Re: Re: Apple violates Moore's Law
Moore's Law has nothing to do with clock speeds! Moore's Law states that the density of transistors we can squeeze onto a given piece of silicon will double every 18 months. On some architectures, that leads to big clock speed jumps, on some it doesn't. Clock speed really is a meaningless comparison between two processors-- sometimes even in the same family (i.e., we know the new 7457 G4 outperforms the older ones at the same clock speed).
Originally posted by illumin8
Sorry, you need to do better at your math. 2Ghz. to 3Ghz. is basically a 50% increase in one year. Extrapolate that out to 18 months and you're looking at Apple's computing power increasing by 75% every 18 months. That's still not even with Moore's Law.
I have a feeling that if you look at Apple 5 years from now you will see that they have more or less kept pace with Intel in the processor speed race. IBM should allow them to reach Moore's Law type speed doubling.

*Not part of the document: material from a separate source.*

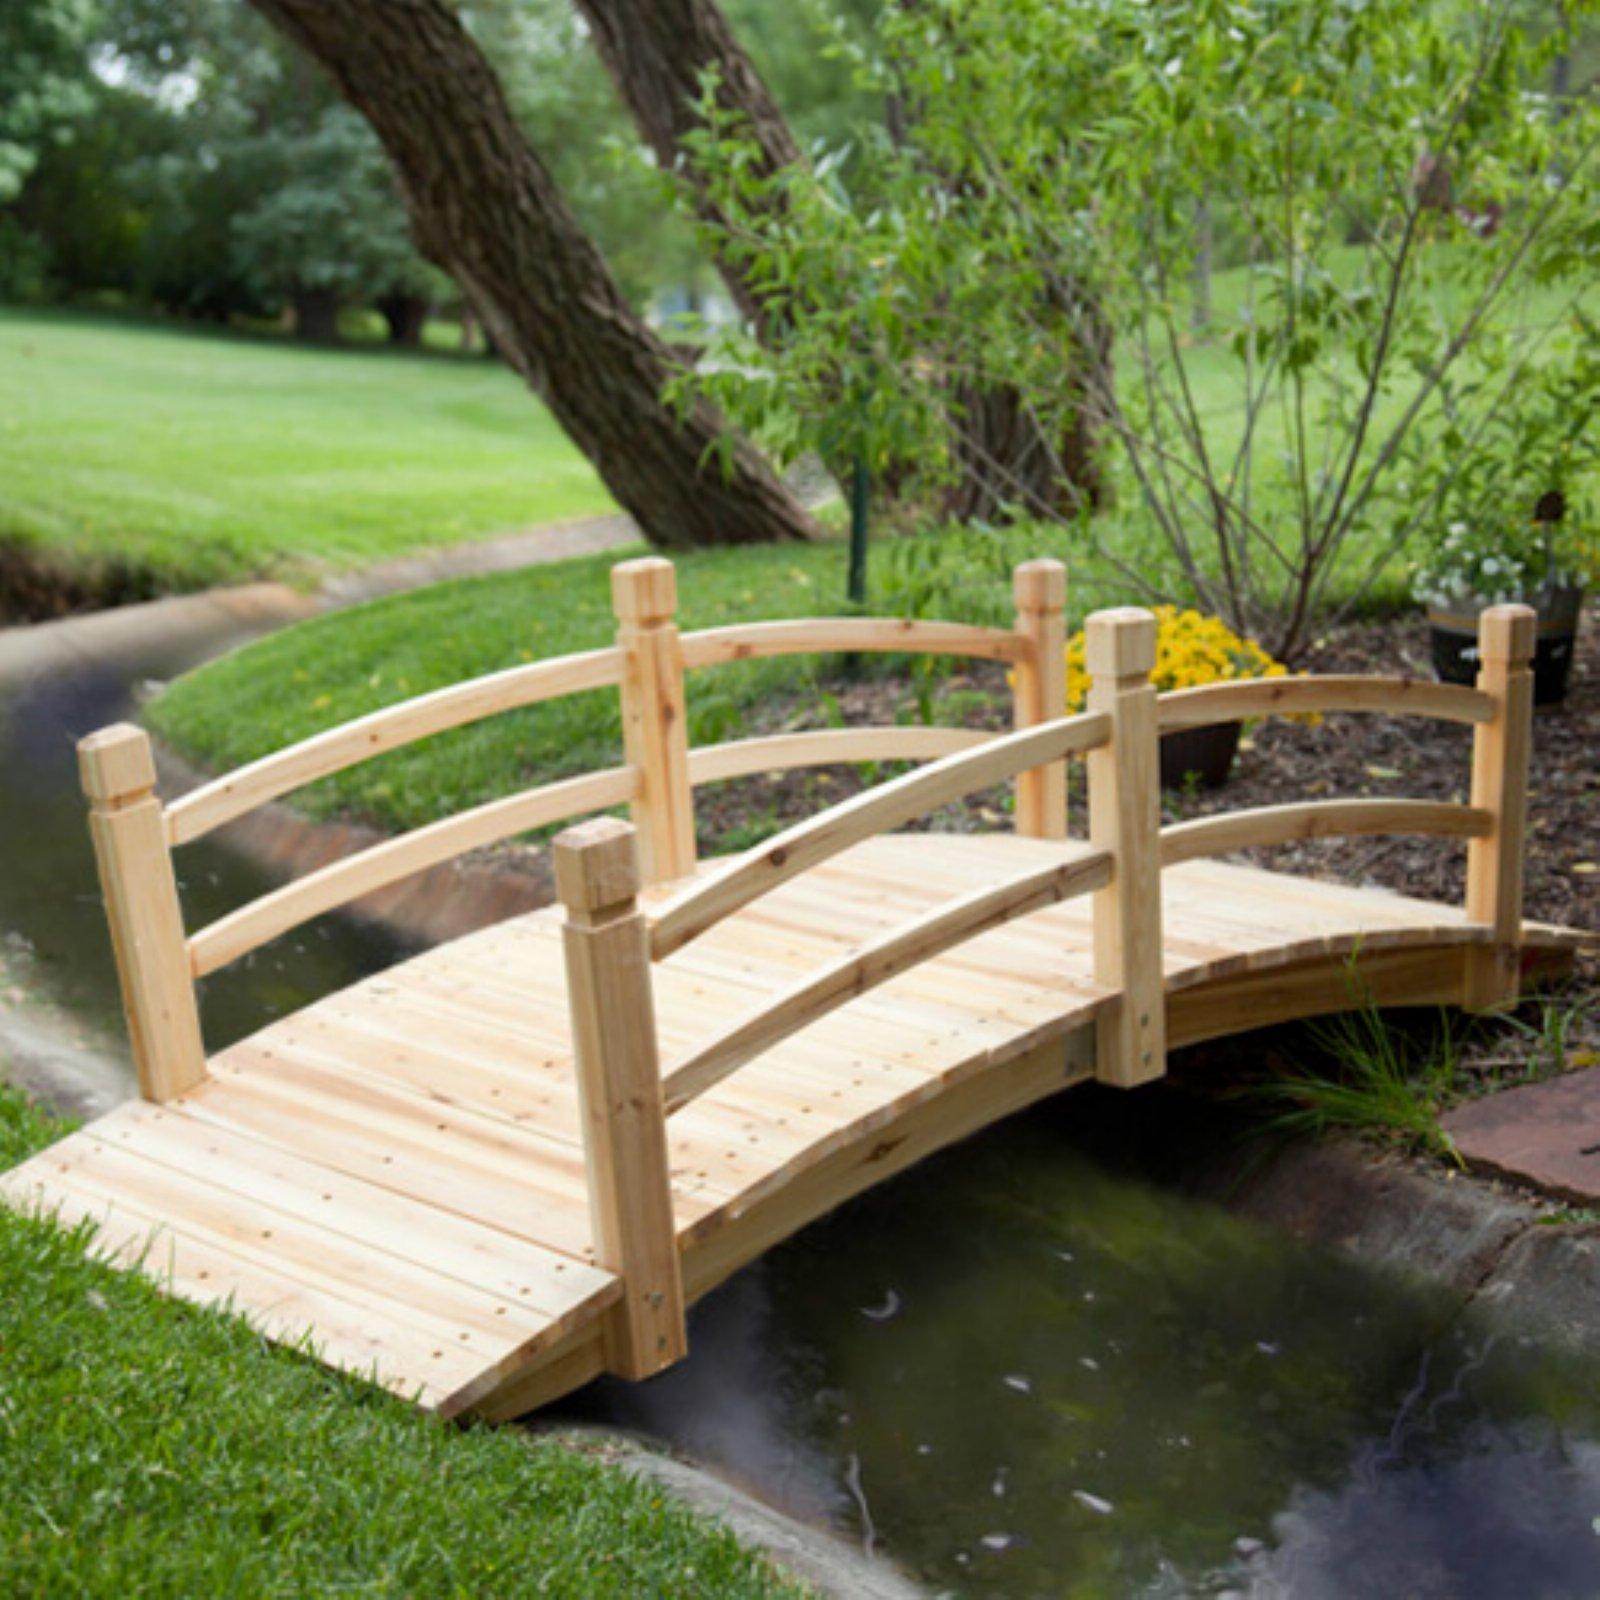 Natural Wood Finish 72'' Garden Bridge Outdoor Yard Lawn Landscaping Decor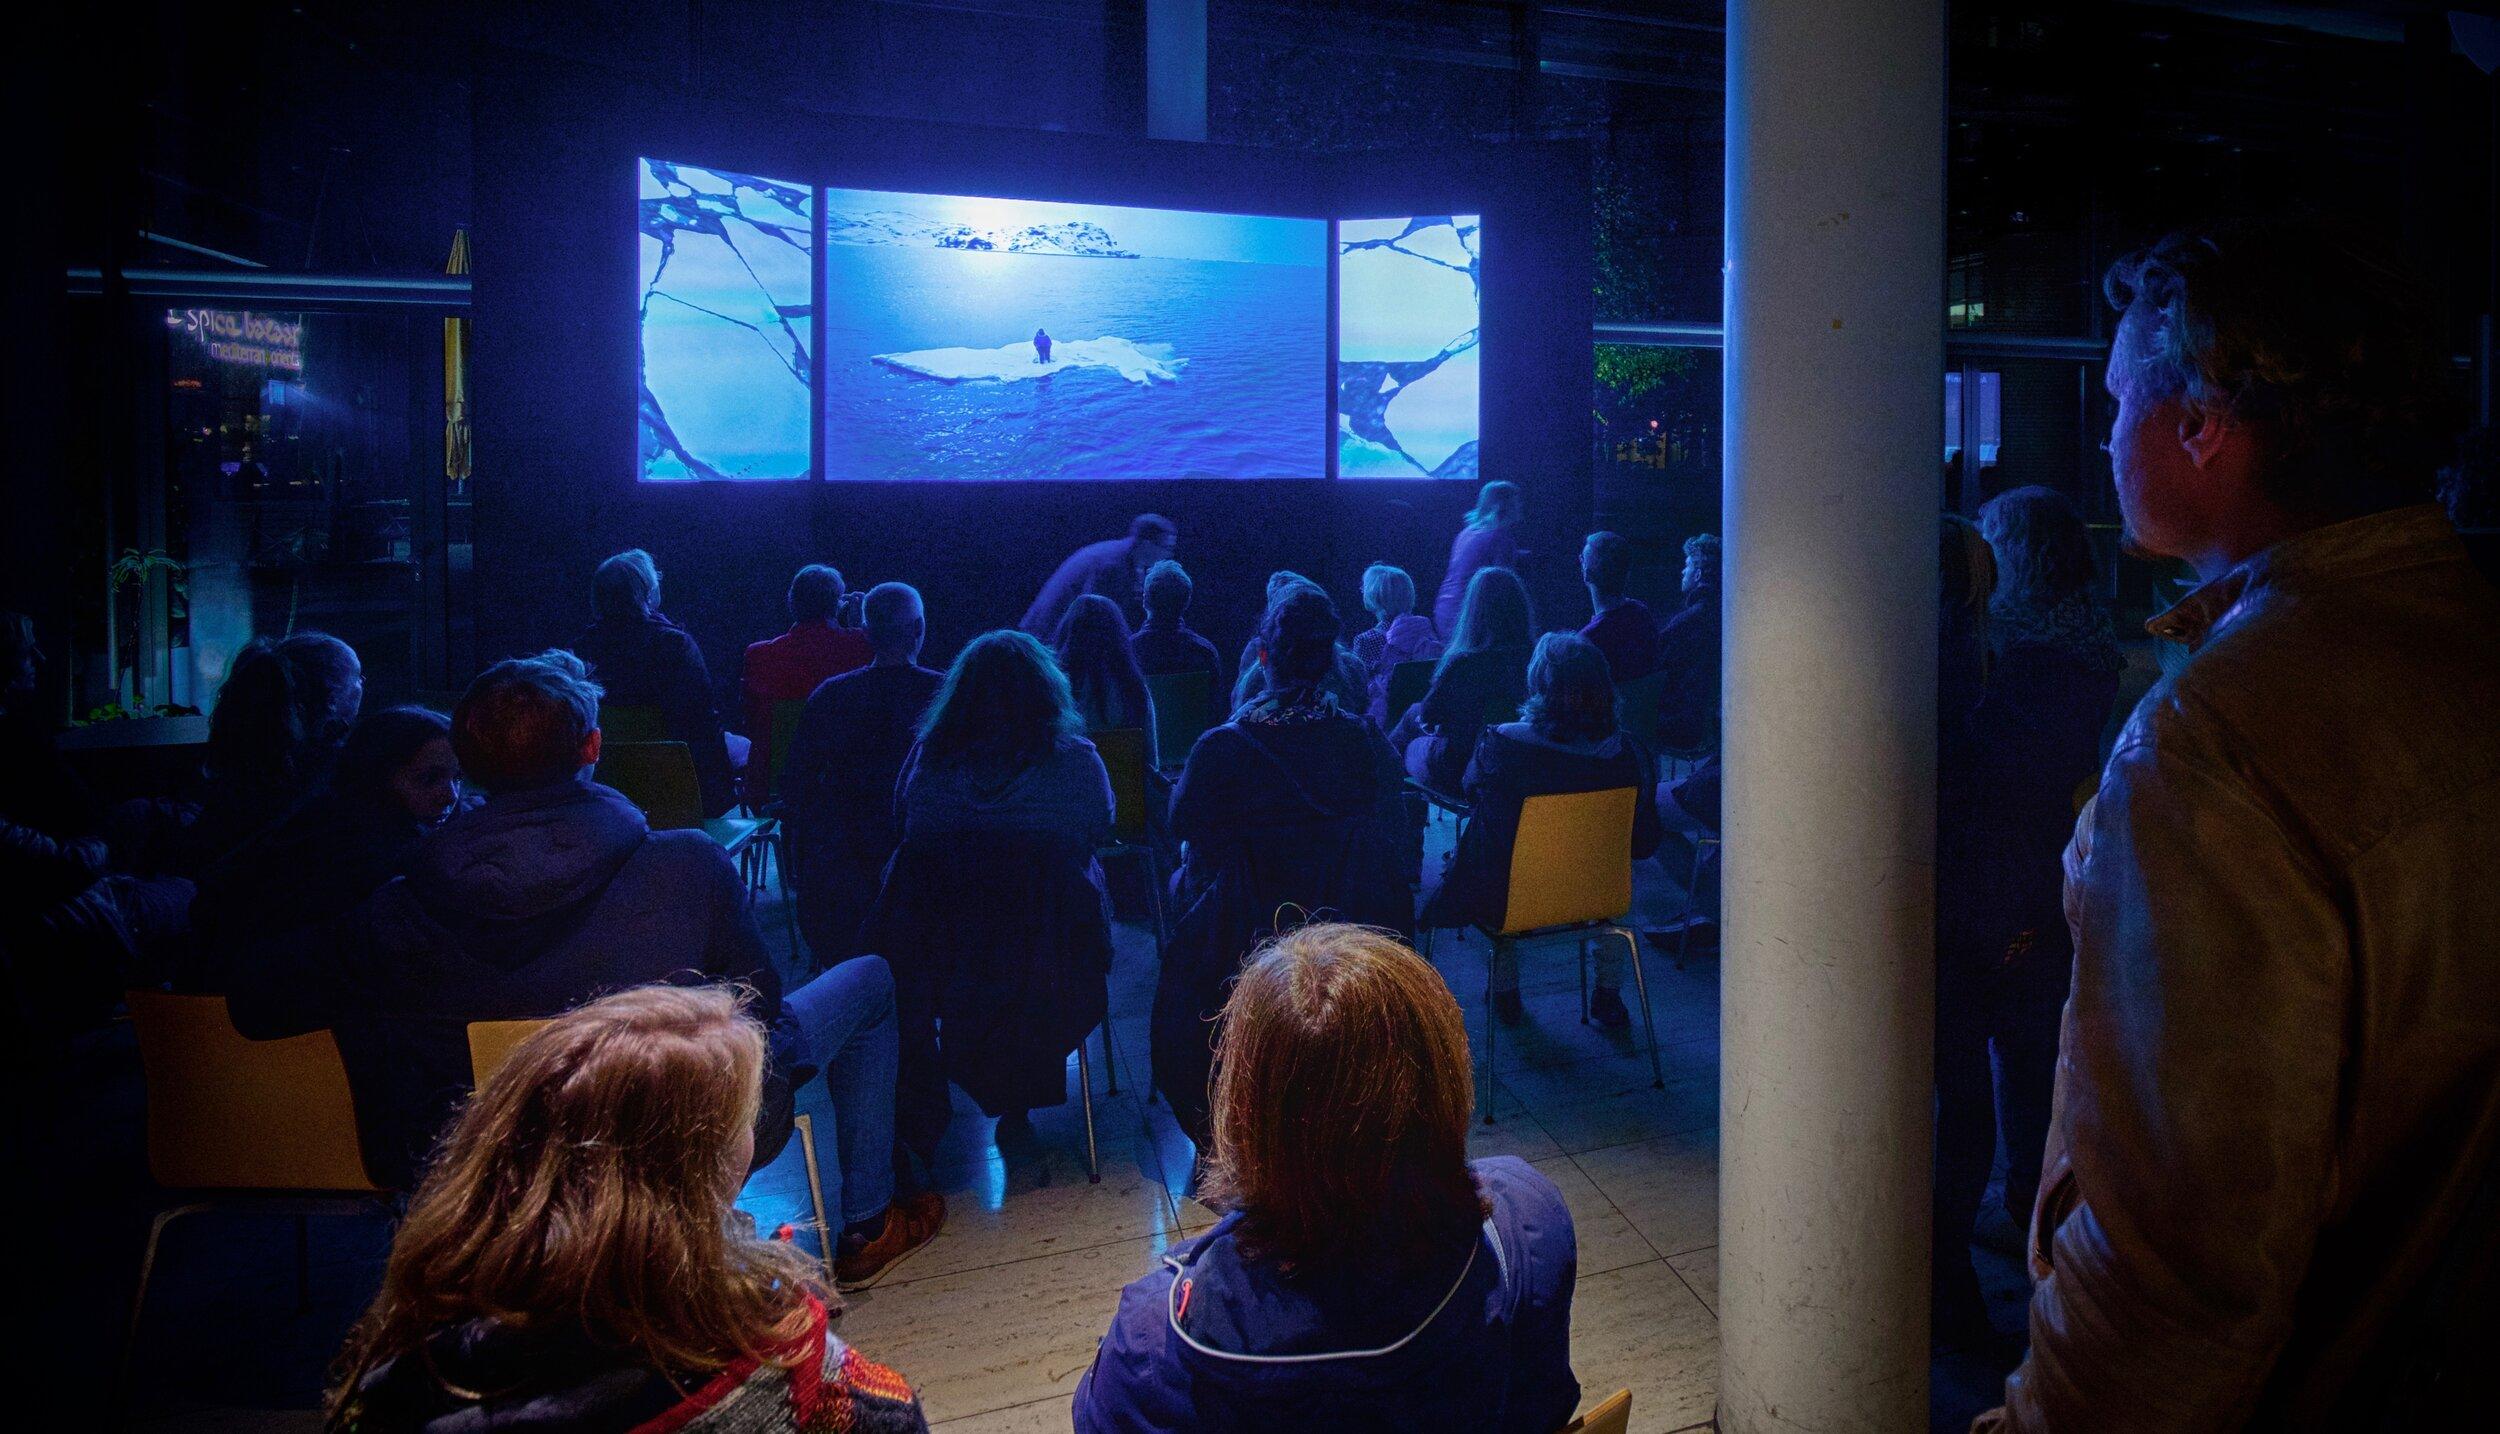 World première (sea ice video triptych) at Max Planck Institute, Munich, October 2019

Moore's Law has nothing to do with clock speeds! Moore's Law states that the density of transistors we can squeeze onto a given piece of silicon will double every 18 months. On some architectures, that leads to big clock speed jumps, on some it doesn't. Clock speed really is a meaningless comparison between two processors-- sometimes even in the same family (i.e., we know the new 7457 G4 outperforms the older ones at the same clock speed).